* [Data]
○ ○ ○ ○
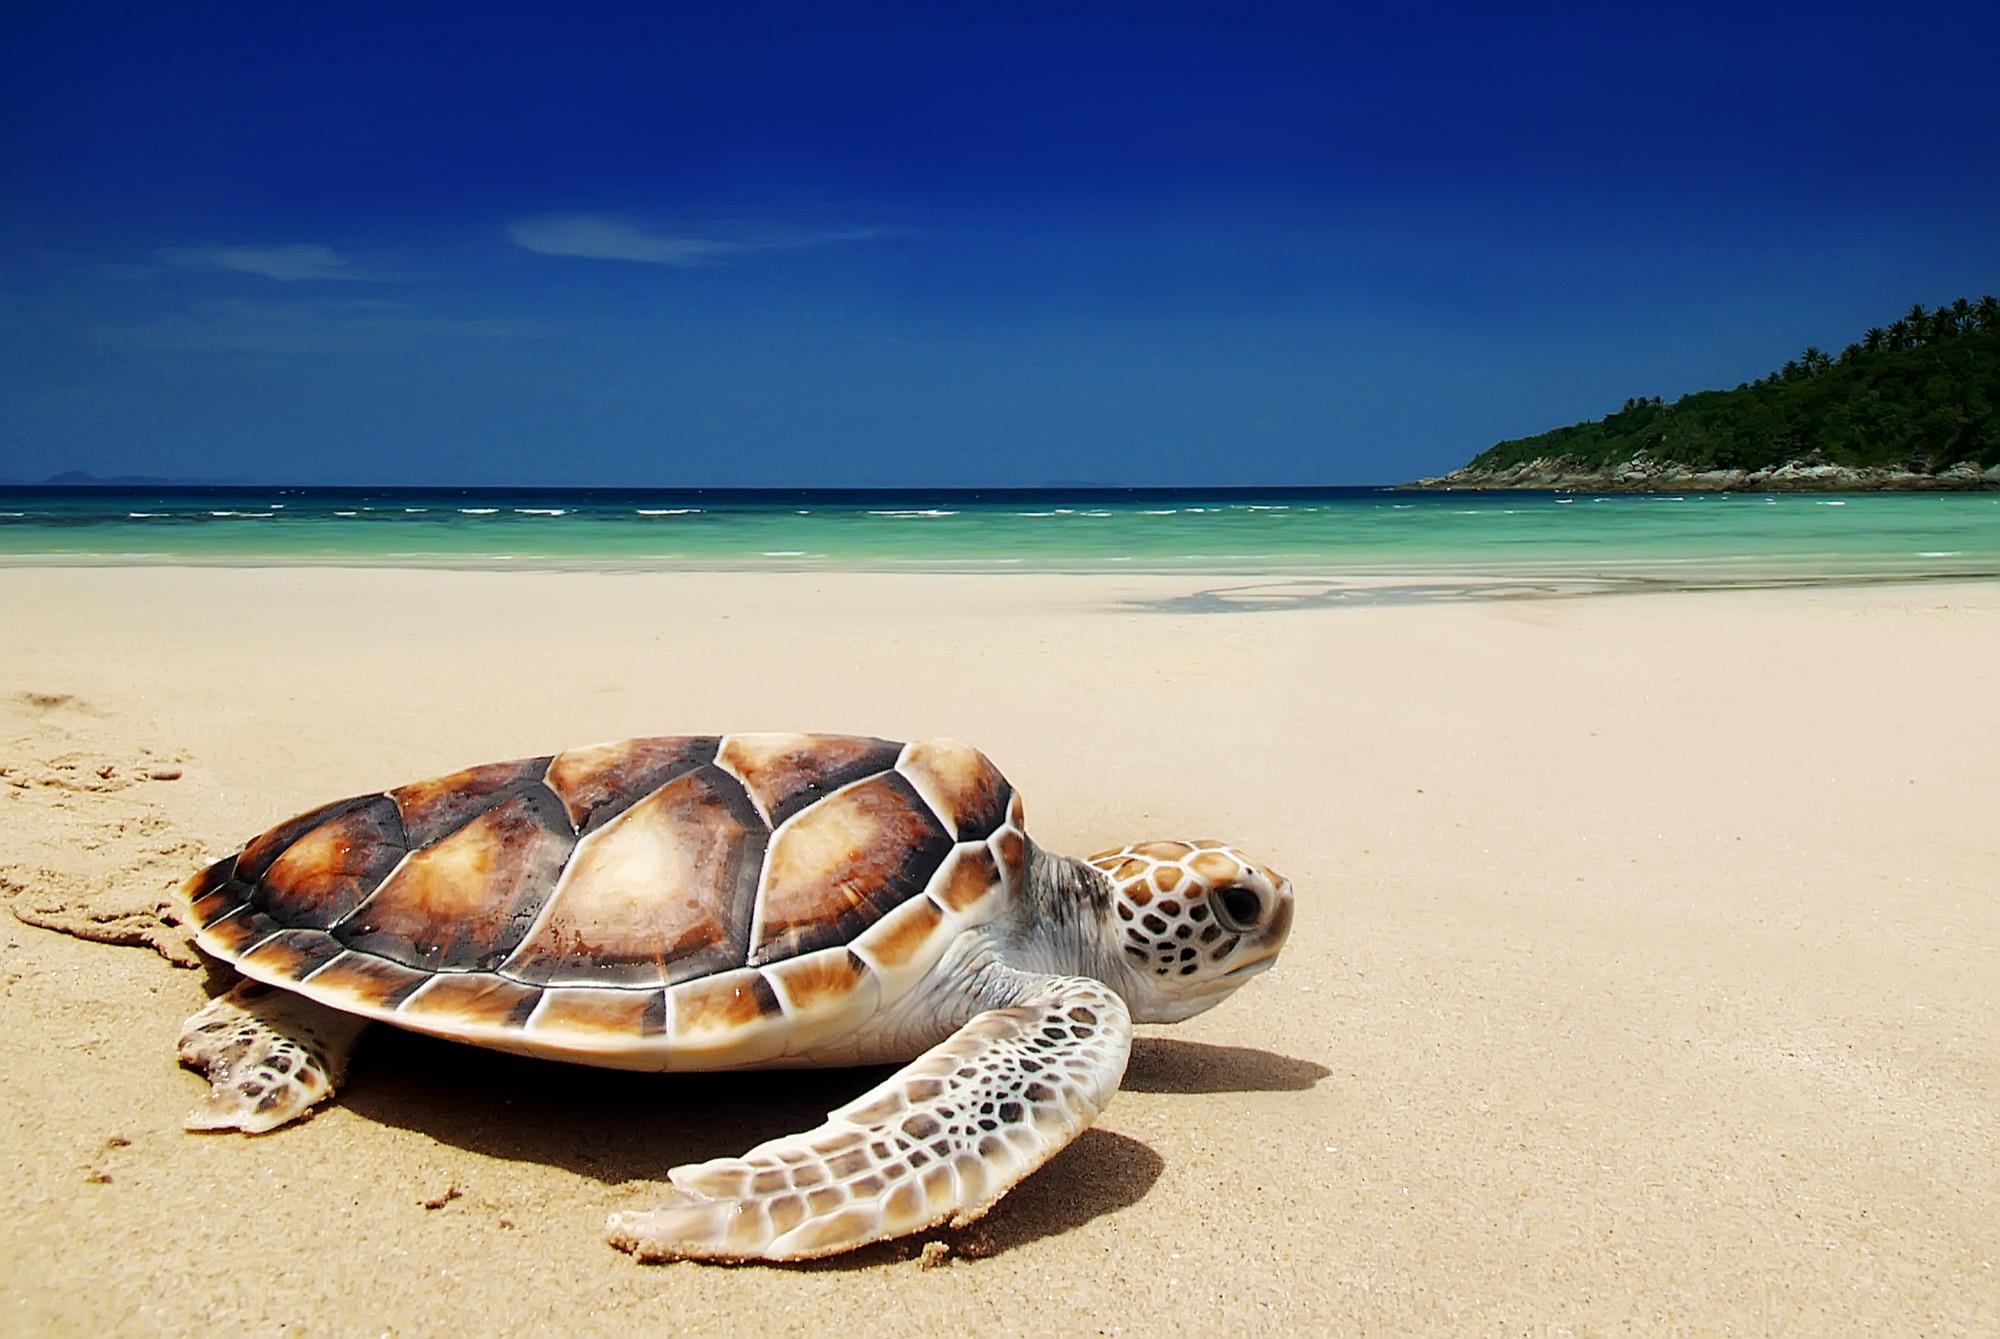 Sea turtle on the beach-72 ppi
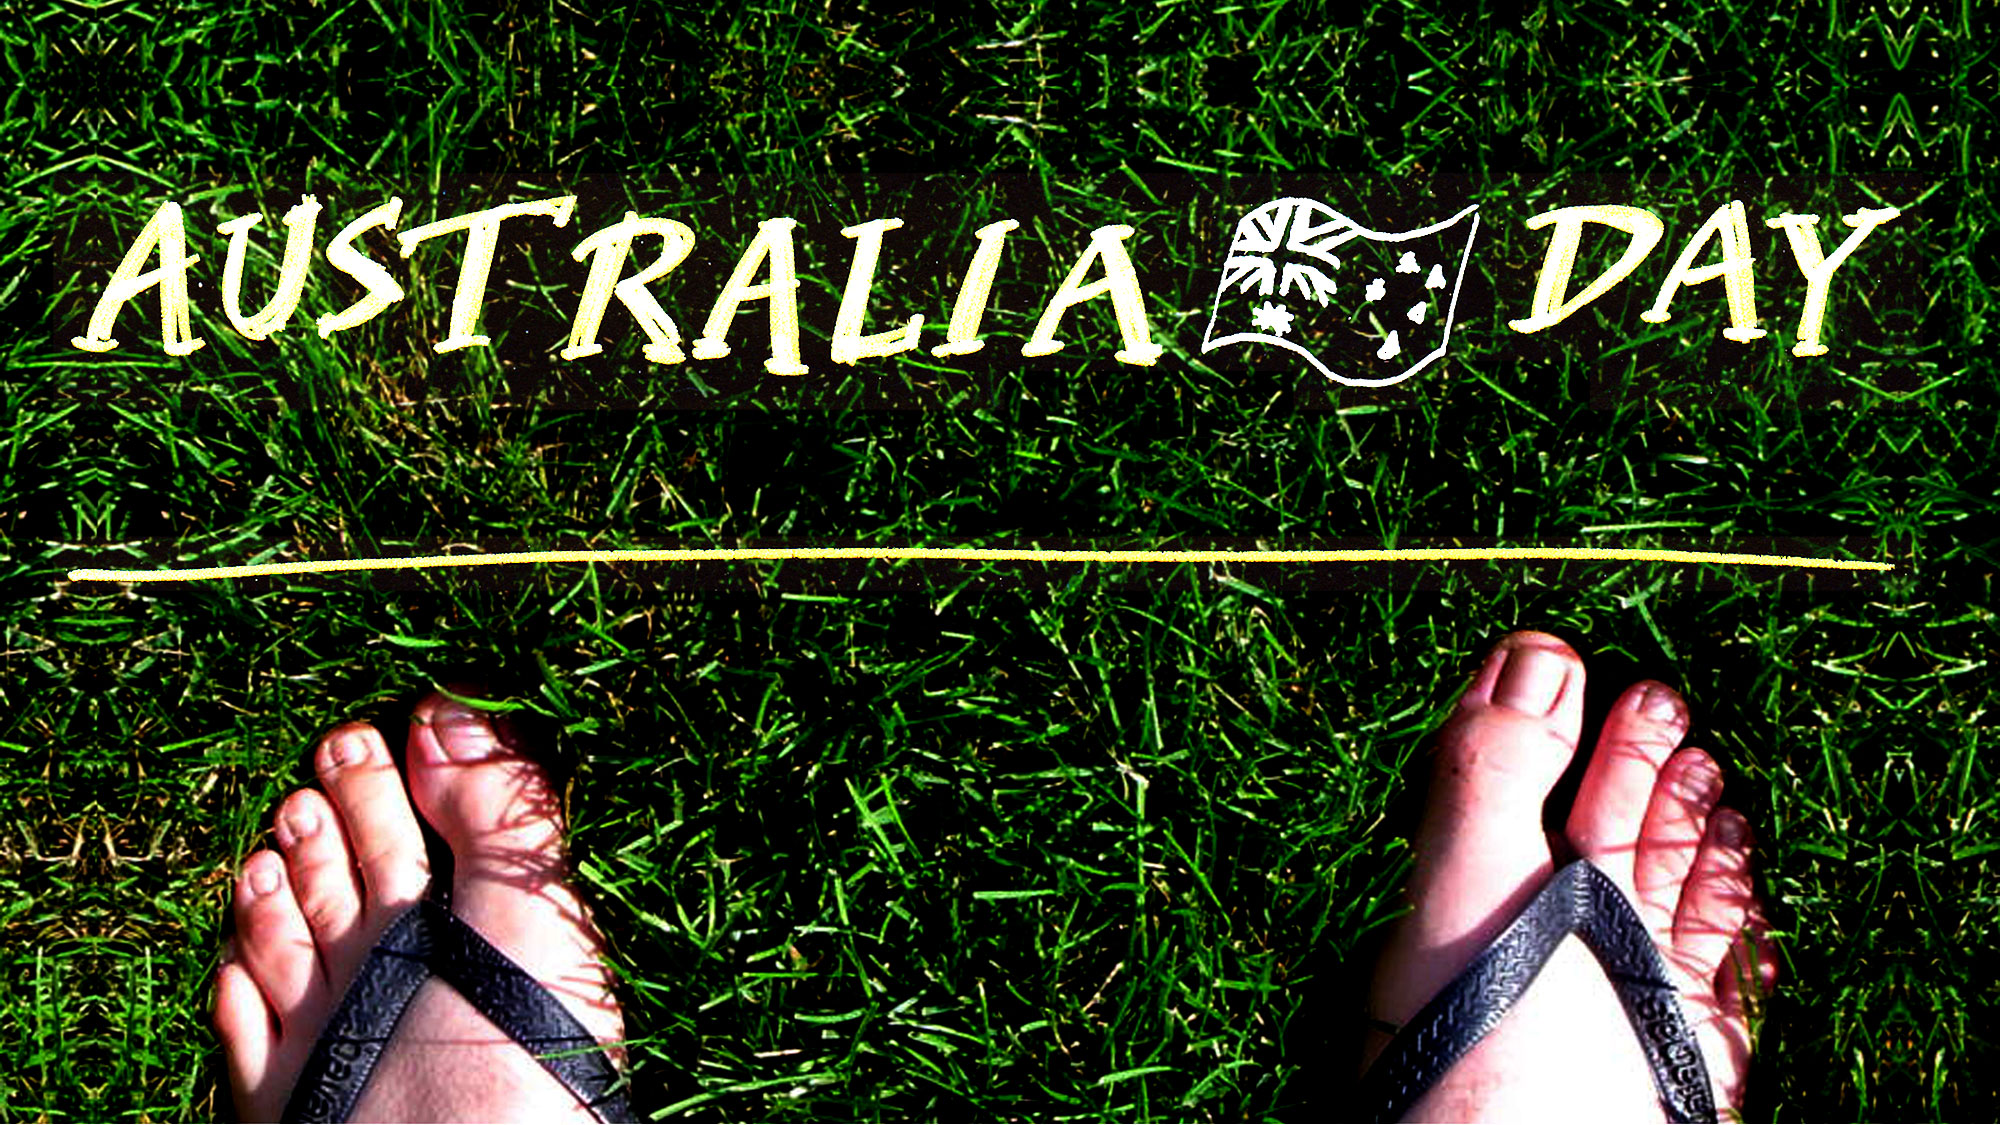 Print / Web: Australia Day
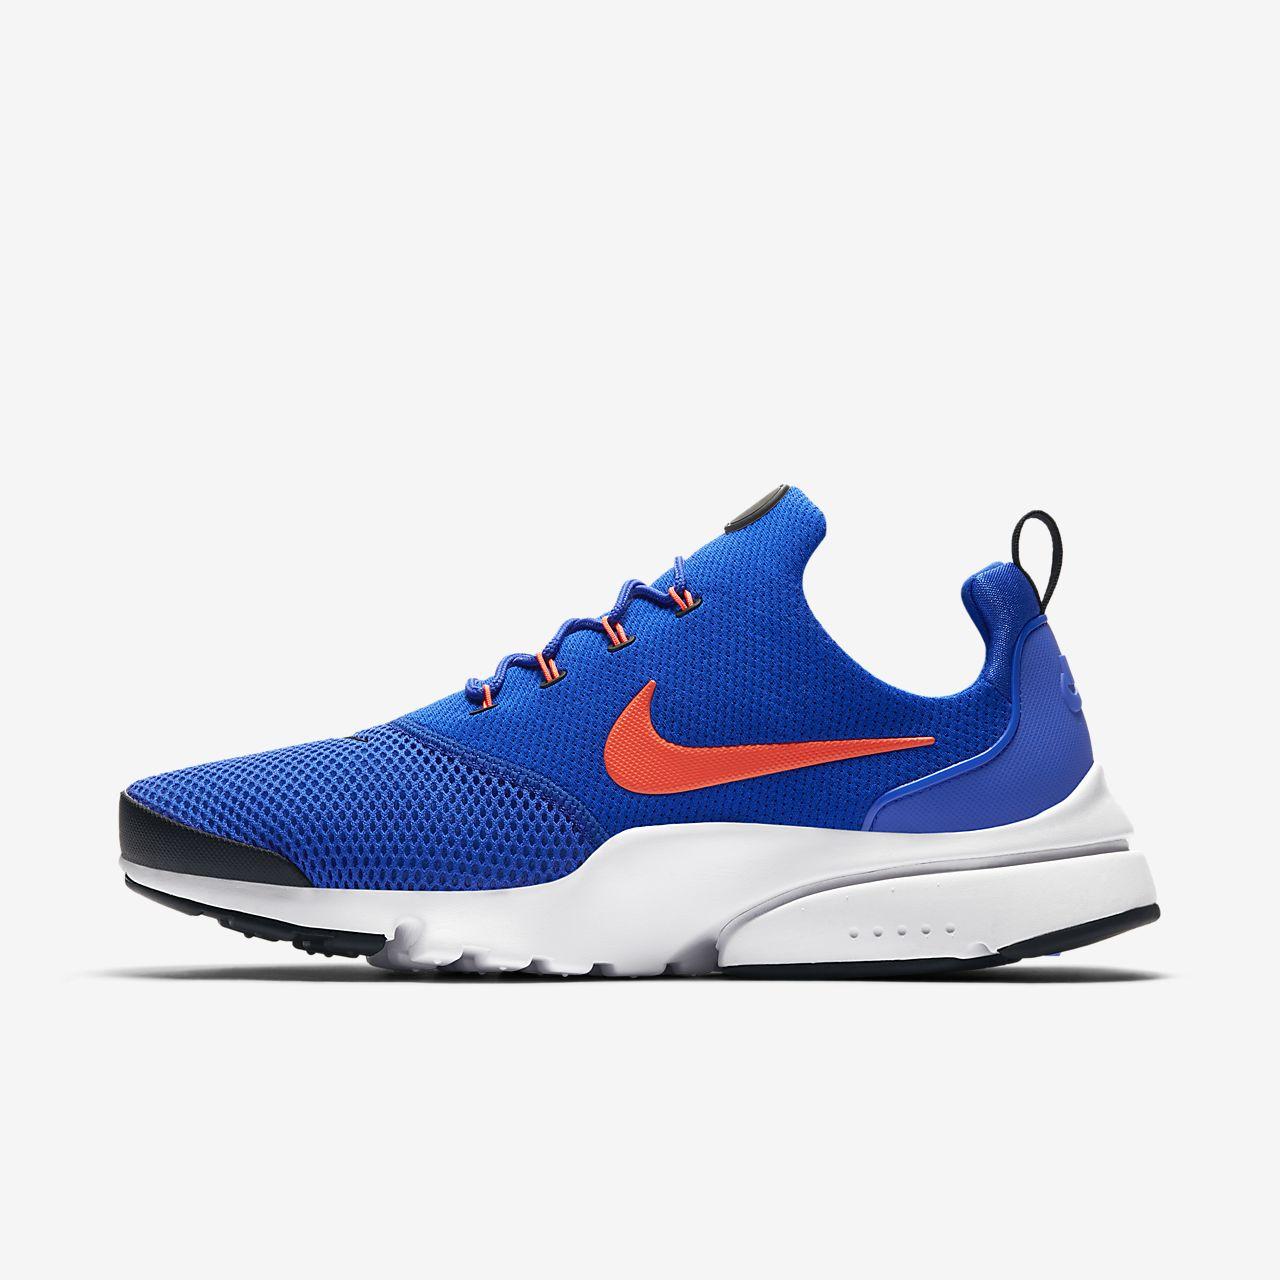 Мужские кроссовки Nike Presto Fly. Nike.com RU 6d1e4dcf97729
○ ○ ○ ○
Could the material above be given again in full and exactly, with its pictures left out?

 Sea turtle on the beach-72 ppi
 Print / Web: Australia Day
 Мужские кроссовки Nike Presto Fly. Nike.com RU 6d1e4dcf97729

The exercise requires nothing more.